We have here a few bold outlines of a dark and mysterious scene—a condition of the earth of which we have no certain intimation from any other source, except the speculations based on modern discoveries in physical science. It was "unshaped and empty," formless and uninhabited. The words thus translated are sufficiently plain in their meaning. The first is used by Isaiah to denote the desolation of a ruined city, and in Job and the Psalms as characteristic of the wilderness or desert. Both in connection are employed by Isaiah to express the destruction of Idumea, and by Jeremiah in a powerful description of the ruin of nations by God's judgments. When thus united, they form the strongest expression which the Hebrew could supply for solitary, uninhabited desolation, like that of a city reduced to heaps of rubbish, and to the silence and loneliness of utter decay.
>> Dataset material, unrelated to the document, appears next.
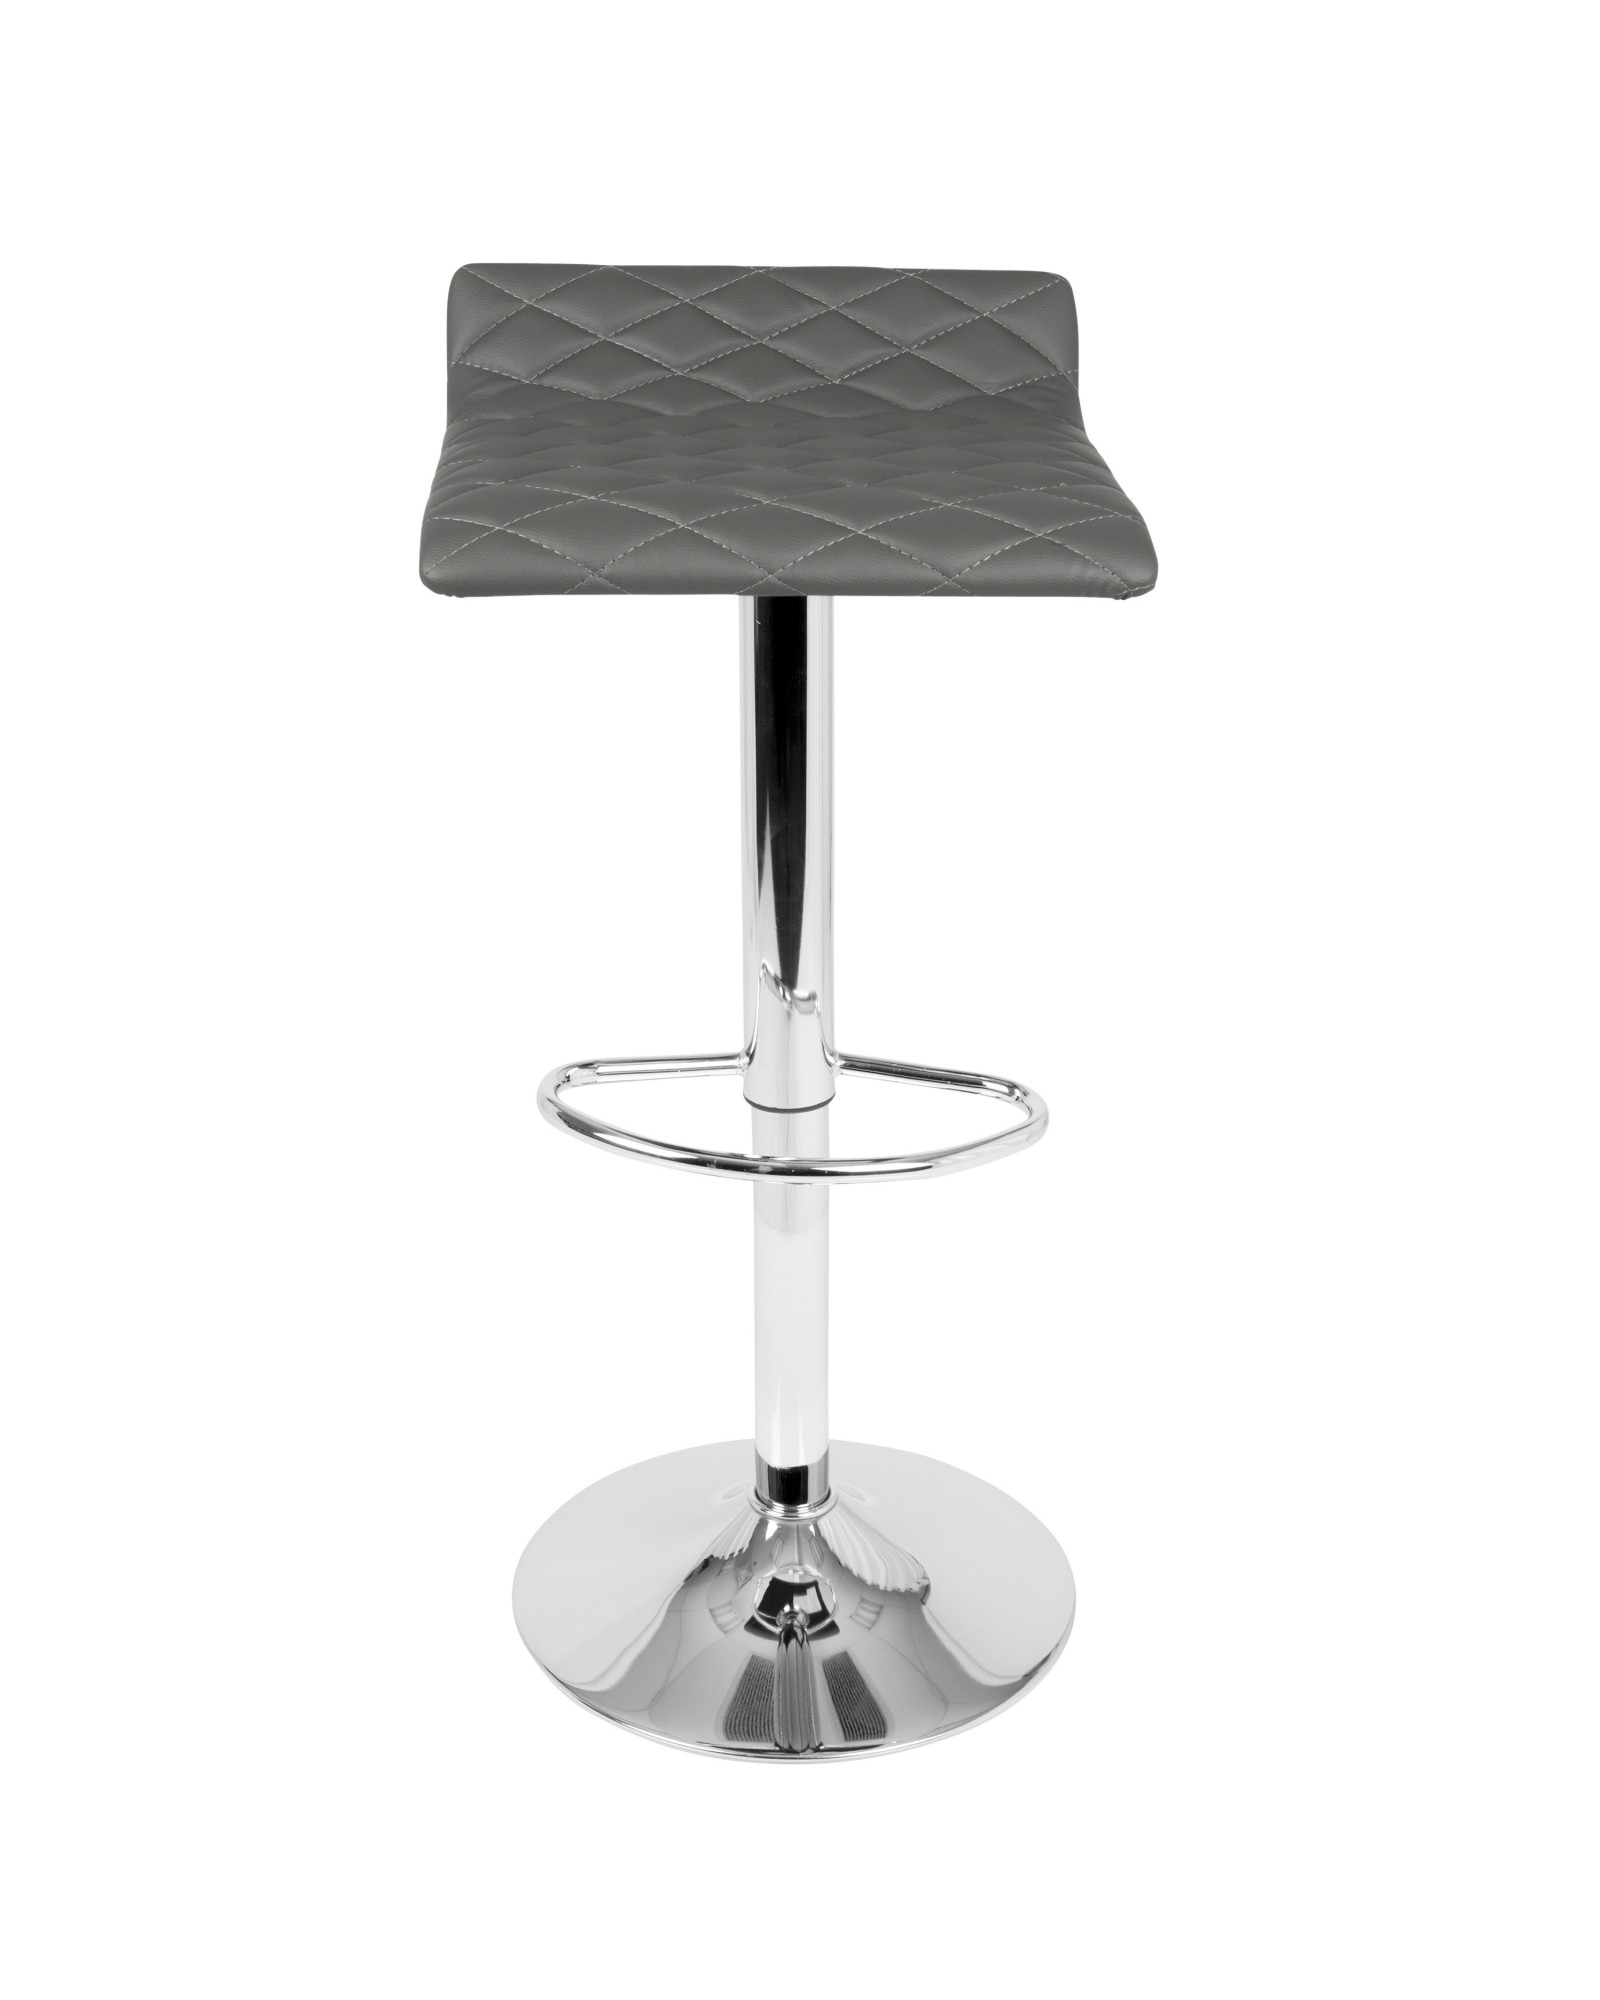 Cavale Contemporary Adjustable Barstool in Grey Faux Leather
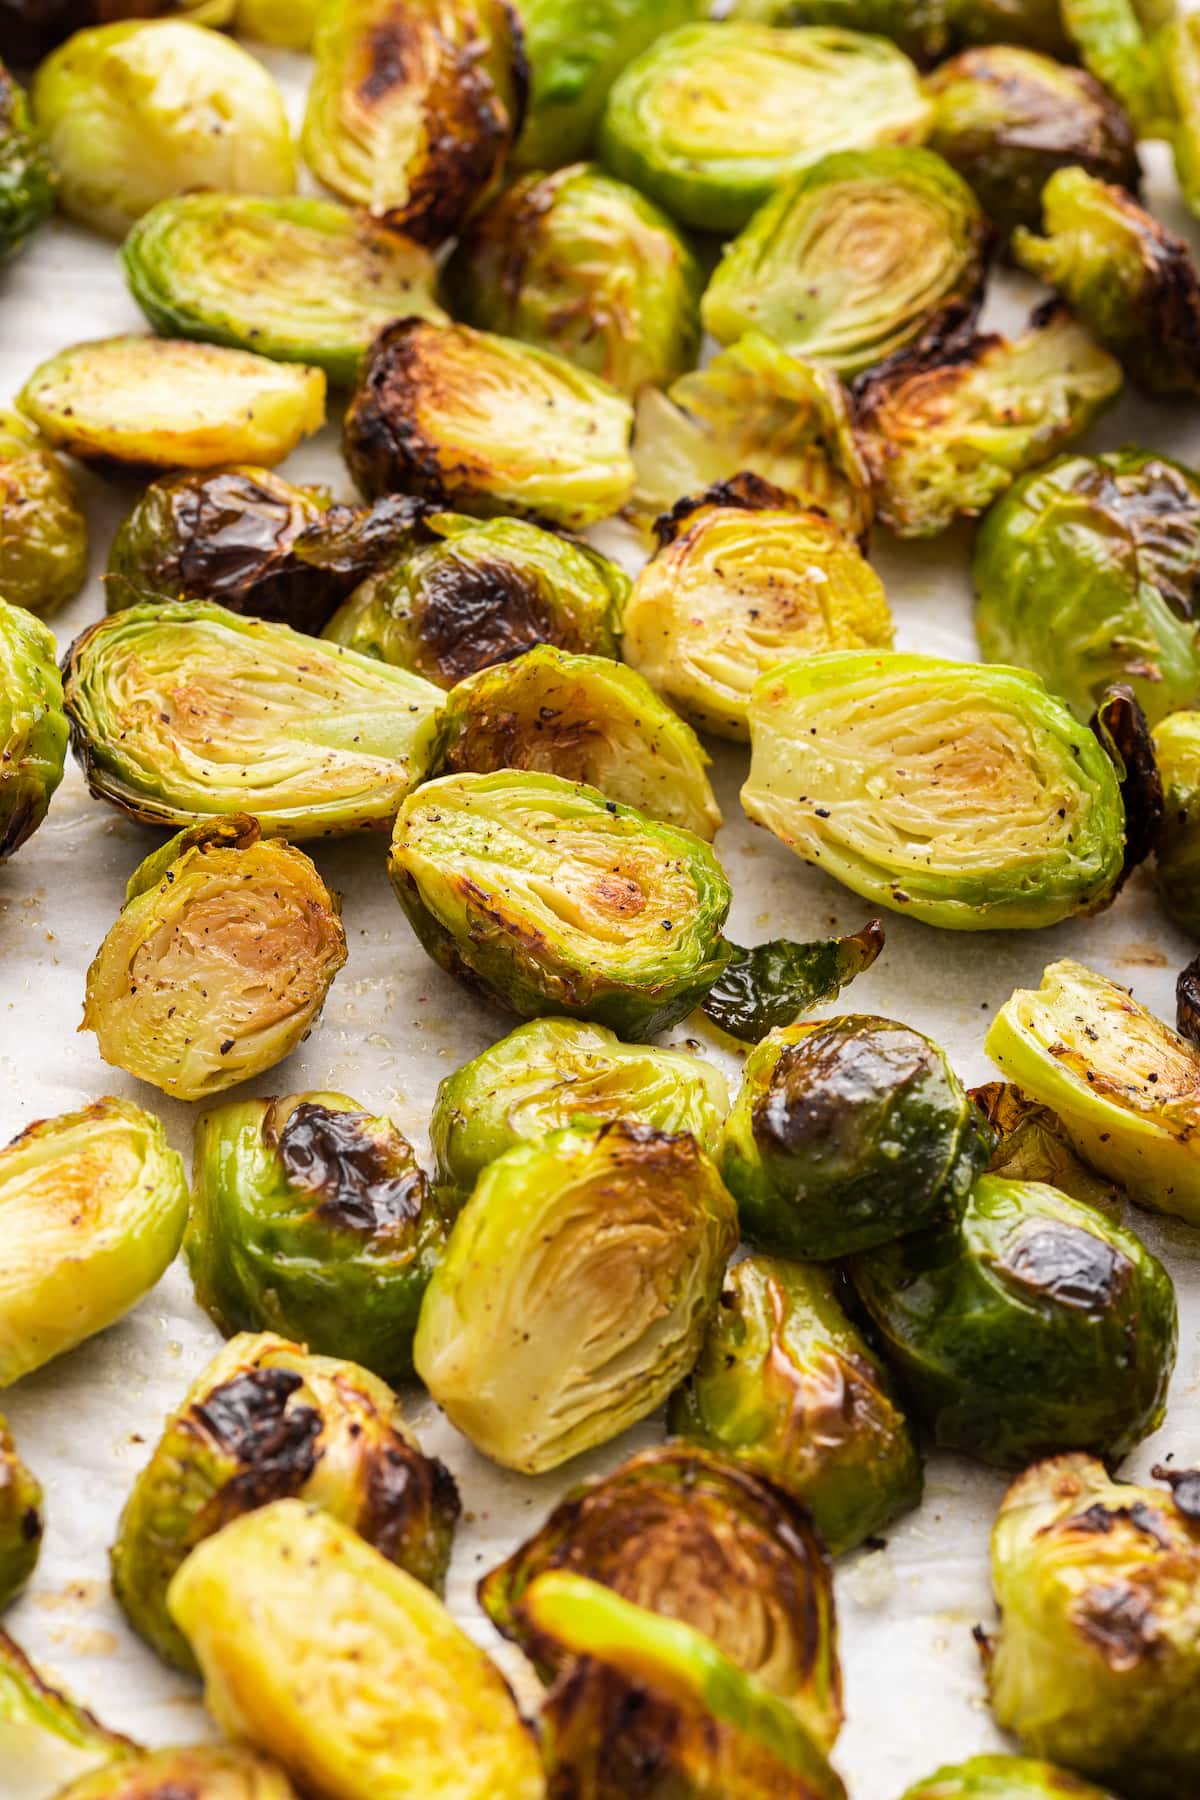 roasted Brussels sprouts are caramelized and crispy on the outside and perfectly tender on the inside.

In the present connection these words inform us that the earth was in a chaotic state, and unfit for the residence of organized beings. The words themselves suggest the important question: Are they intended to represent this as the original condition of the earth? Was it a scene of desolation and confusion when it sprang from the hand of its Creator? or was this state of ruin consequent on convulsions which may have been preceded by a very different condition, not mentioned by the inspired historian? That it may have been so is rendered possible by the circumstance that the words employed are generally used to denote the ruin of places formerly inhabited, and by the want of any necessary connection in time between the first and second verses. It has even been proposed, though this does violence to the construction, to read "and the earth became" desolate and empty. Farther, it seems, à priori, improbable that the first act of creative power should have resulted in the production of a mere chaos. The crust of the earth also shows, in its alternations of strata and organic remains, evidence of a great series of changes extending over vast periods, and which might, in a revelation intended for moral purposes, with great propriety be omitted.